Observability 101: Start with Logs

Stop over-engineering your observability stack. Start with what you already have

Overview

It’s easy to get overwhelmed by all of the advice that exists to instrument your systems with telemetry. Vendors and experienced practioners will tell you that you have to have the 3-pillars of observability supported (metrics, traces, and logs).

The truth is, most applications start with logs and you can do a lot with just that. This post will show you how to create log-based alerts since logs are the most common telemetry. You probably already have these in your application.

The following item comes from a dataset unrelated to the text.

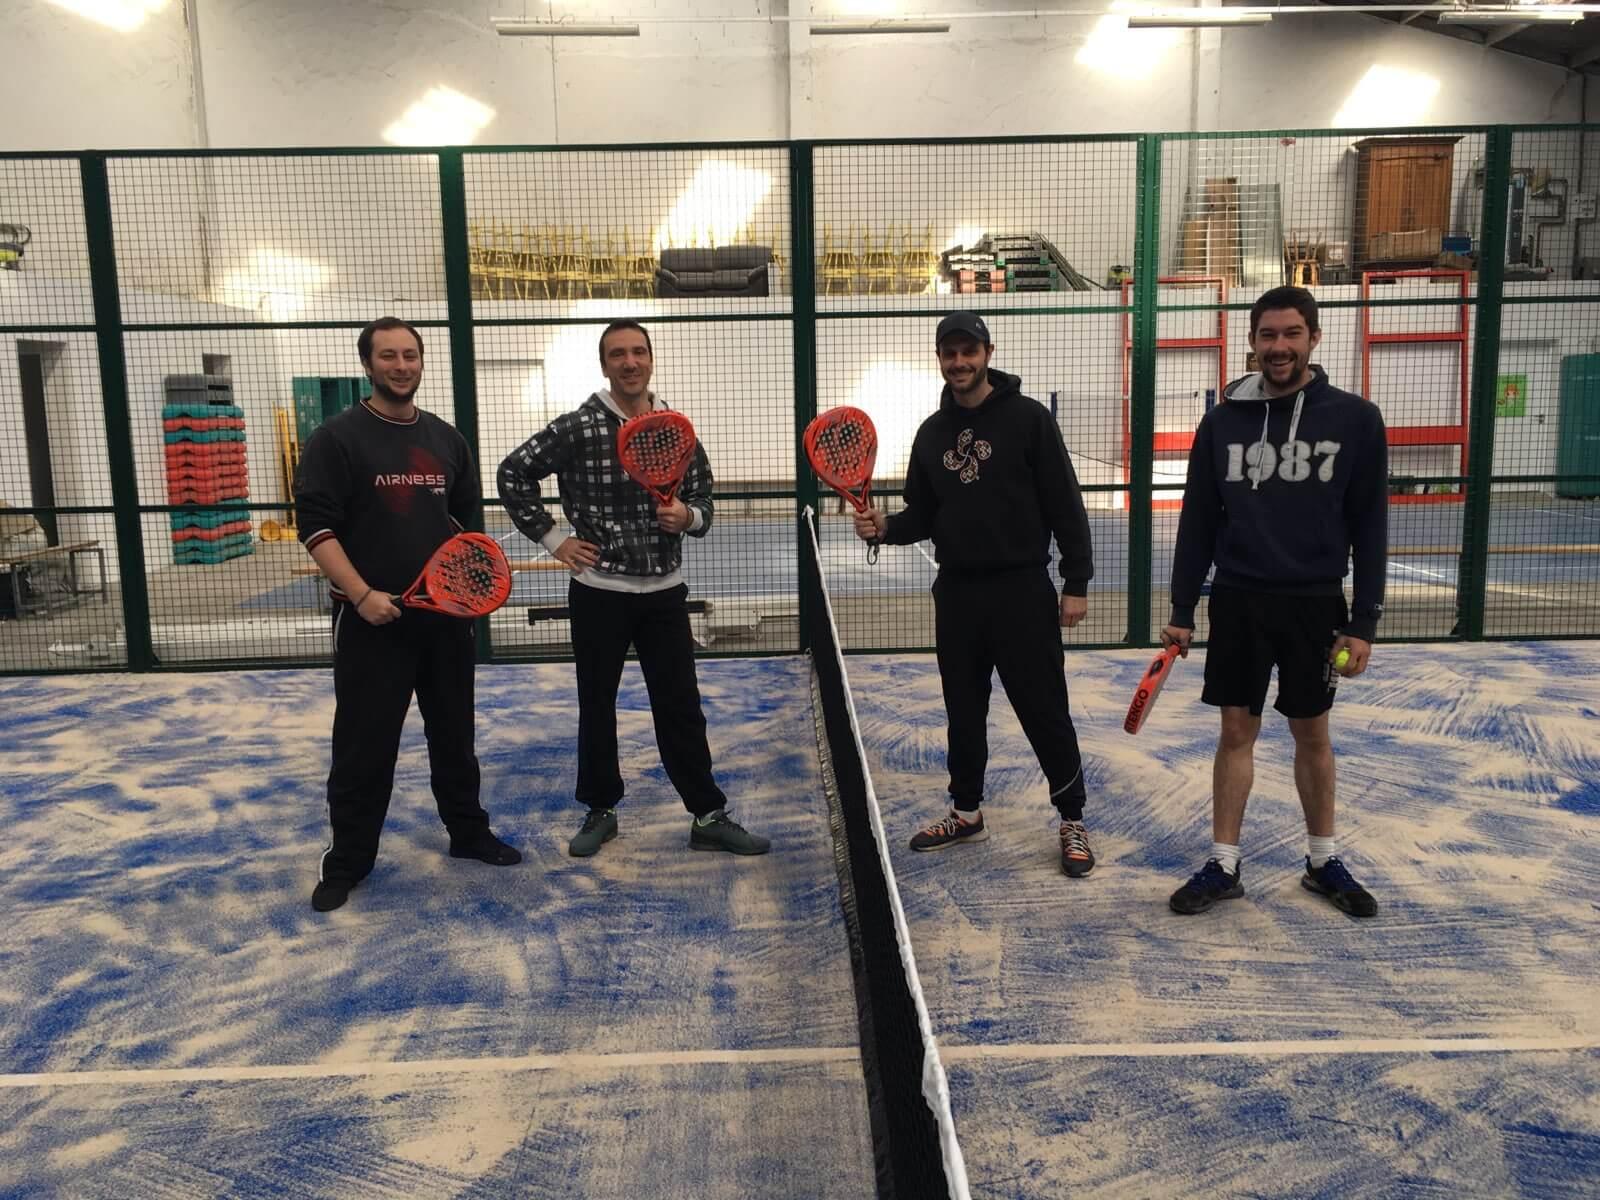 4 amis sur un terrain de Padel Tennis indoor avec raquette à la main

This post will provide a step-by-step demo of how to setup log-based alerting. I’ll use open-source tools exclusively. You can find the repo to run the setup yourself here.

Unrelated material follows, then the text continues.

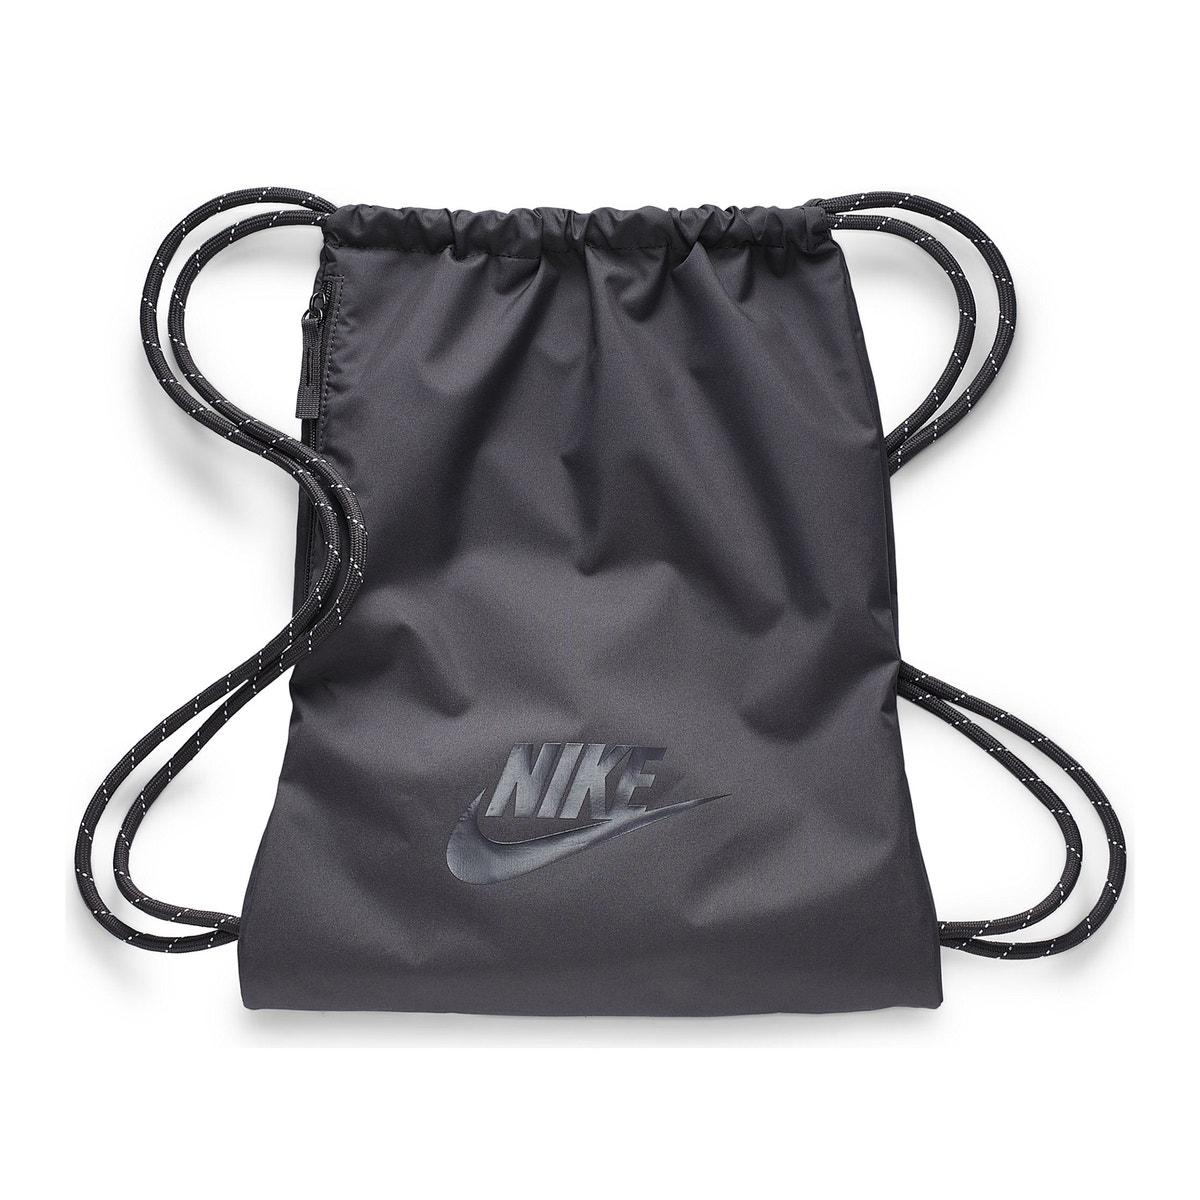 Nike - Σακίδιο πλάτης με κορδόνι, Heritage 2.0 350180560 - 3...

OpenSearch : an open-source analytics engine that supports telemetry like logs + metrics

fluentbit: lightweight telemetry processor and forwarder

Docker: popular containerization technology

Container Setup

We’ll first start out by defining the 3 containers to run with a docker-compose file: opensearch, opensearch dashboards, and fluentbit. Please note: utilize your own admin password and leverage a secrets management platform like HashiCorp Vault to store your passwords so you do not commit them into your code base. The code below is just for demo purposes.

services:
  opensearch:
    image: opensearchproject/opensearch:2.12.0
    container_name: opensearch
    environment:
      # Run as single-node cluster (no clustering overhead)
      - discovery.type=single-node
      # Required for OpenSearch 2.12+
      - OPENSEARCH_INITIAL_ADMIN_PASSWORD=YourStr0ng!Password
      # Limit JVM heap to 1GB (adjust based on available memory)
      - "OPENSEARCH_JAVA_OPTS=-Xms1g -Xmx1g"
    ports:
      # REST API
      - 9200:9200
    volumes:
      # Persist index data across restarts
      - opensearch-data:/usr/share/opensearch/data
    healthcheck:
      test: ["CMD-SHELL", "curl -sk -u admin:YourStr0ng!Password https://localhost:9200/_cluster/health || exit 1"]
      interval: 30s
      timeout: 10s
      retries: 5

  opensearch-dashboards:
    image: opensearchproject/opensearch-dashboards:2.12.0
    container_name: opensearch-dashboards
    ports:
      # Web UI
      - 5601:5601
    environment:
      # Point to the OpenSearch container
      OPENSEARCH_HOSTS: '["https://opensearch:9200"]'
    depends_on:
      opensearch:
        # Wait for OpenSearch to be healthy before starting
        condition: service_healthy

  fluent-bit:
    image: fluent/fluent-bit:latest
    container_name: fluent-bit
    volumes:
      # Mount config files
      - ./fluent-bit.conf:/fluent-bit/etc/fluent-bit.conf
      - ./parsers.conf:/fluent-bit/etc/parsers.conf
      # Mount logs directory - write logs here to ship to OpenSearch
      - ./logs:/var/log/app
    depends_on:
      opensearch:
        condition: service_healthy

fluentbit will write logs to OpenSearch and then we can login to the dashboard containerto see our logs + alerts in the UI.

The fluent-bit.conf also contains config for fluentbit to know where to locate the logs and forward them to OpenSearch. In the config below, we are looking for logs at /var/log/app/*.log and they are being forwarded to opensearch at port 9200 (which is where our opensearch instance is running at). The docker compose volume mount is at ./logs:var/log/app since that is a standard Linux convention.

[SERVICE]
    Flush        5
    Log_Level    info
    Parsers_File parsers.conf

[INPUT]
    Name         tail
    Path         /var/log/app/*.log
    Tag          app.logs
    Parser       json
    Refresh_Interval 5

[OUTPUT]
    Name         opensearch
    Match        *
    Host         opensearch
    Port         9200
    HTTP_User    admin
    HTTP_Passwd  YourStr0ng!Password
    Index        application-logs
    Logstash_Format On
    Logstash_Prefix app-logs
    tls          On
    tls.verify   Off
    Suppress_Type_Name On

You can run these containers that are defined in the repo I created by using docker compose up -d

Generate Logs

Once you have the containers running, you can generate some sample logs that will automatically get shipped to OpenSearch.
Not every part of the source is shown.